Maud Slye the “Mouse Woman”

Maud Slye is a complicated figure in women’s history. She was the first female cancer researcher, and her research was crucial in establishing genetics as a central area of cancer research. She and her cancerous mice were the most visible advocates of the position that genetics underwrite cancer, presciently arguing against the common theory that cancer was parasitic in origin and not heritable, earning her the moniker of “Mouse Lady” in the press. In her tireless inquiry into cancer causation, Slye helped to invent the field of modern day animal model research: she pioneered the use of genetically uniform mouse models resulting in the longest and most extensive breeding program ever carried out by a single researcher at the time. In 1940, the Women’s Centennial Congress recognized her, along with Margaret Mead and other major female scientists, as a beacon of the progress women had made over the past century.

At the same time, Slye, like many feminist and scientific utopians of the era, was one of the most vocal proponents for the eugenic control of cancer. She compared herself to Karl Pearson, and made headlines with claims like the following given to Time in 1937: “I breed out breast cancers. I don’t think we should feel so hopeless about breeding out other types. Only romance stops us.” 

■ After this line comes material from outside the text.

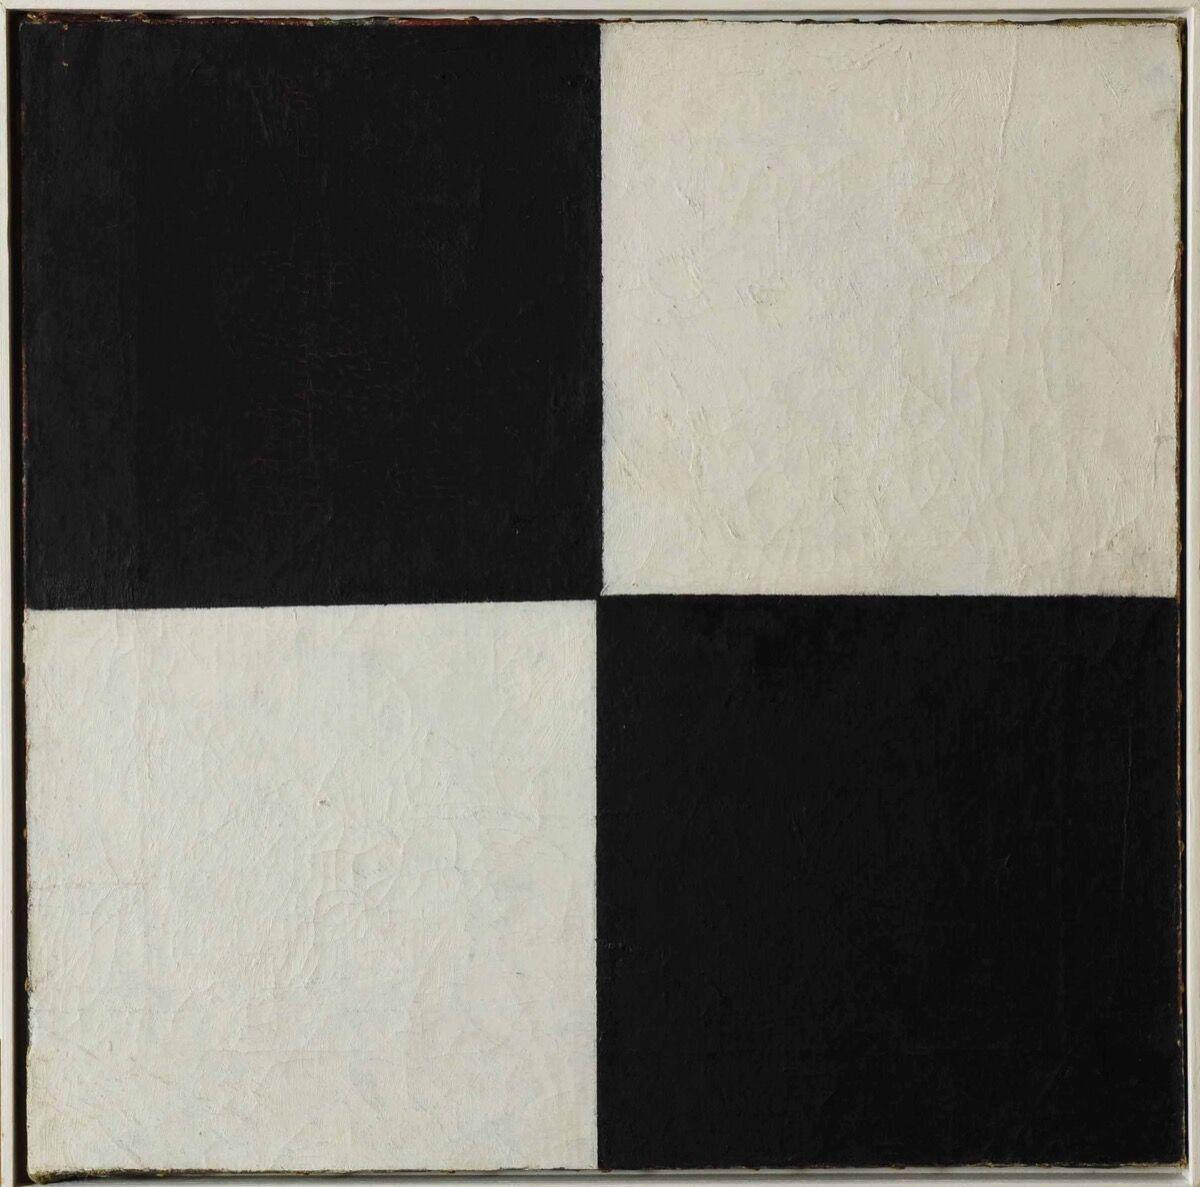 Kazimir Malevich, Four Squares, 1915. Courtesy of the Museo Nacional Centro de Arte Reina Sofía.

Slye’s eugenicist views were based on her controversial and incorrect opinion that susceptibility to cancer is caused by a single recessive gene, and conversely that absolute cancer immunity could be selected for—meaning that cancer could be bred out of the human race through selective mating. Although Slye’s eugenics seemingly lacked the racialist element of Pearson and most other eugenicists, her contemporaries within the world of cancer research sharply criticized her public messaging for offering false hope broadly, while inspiring shame and fear in cancer patients and their children.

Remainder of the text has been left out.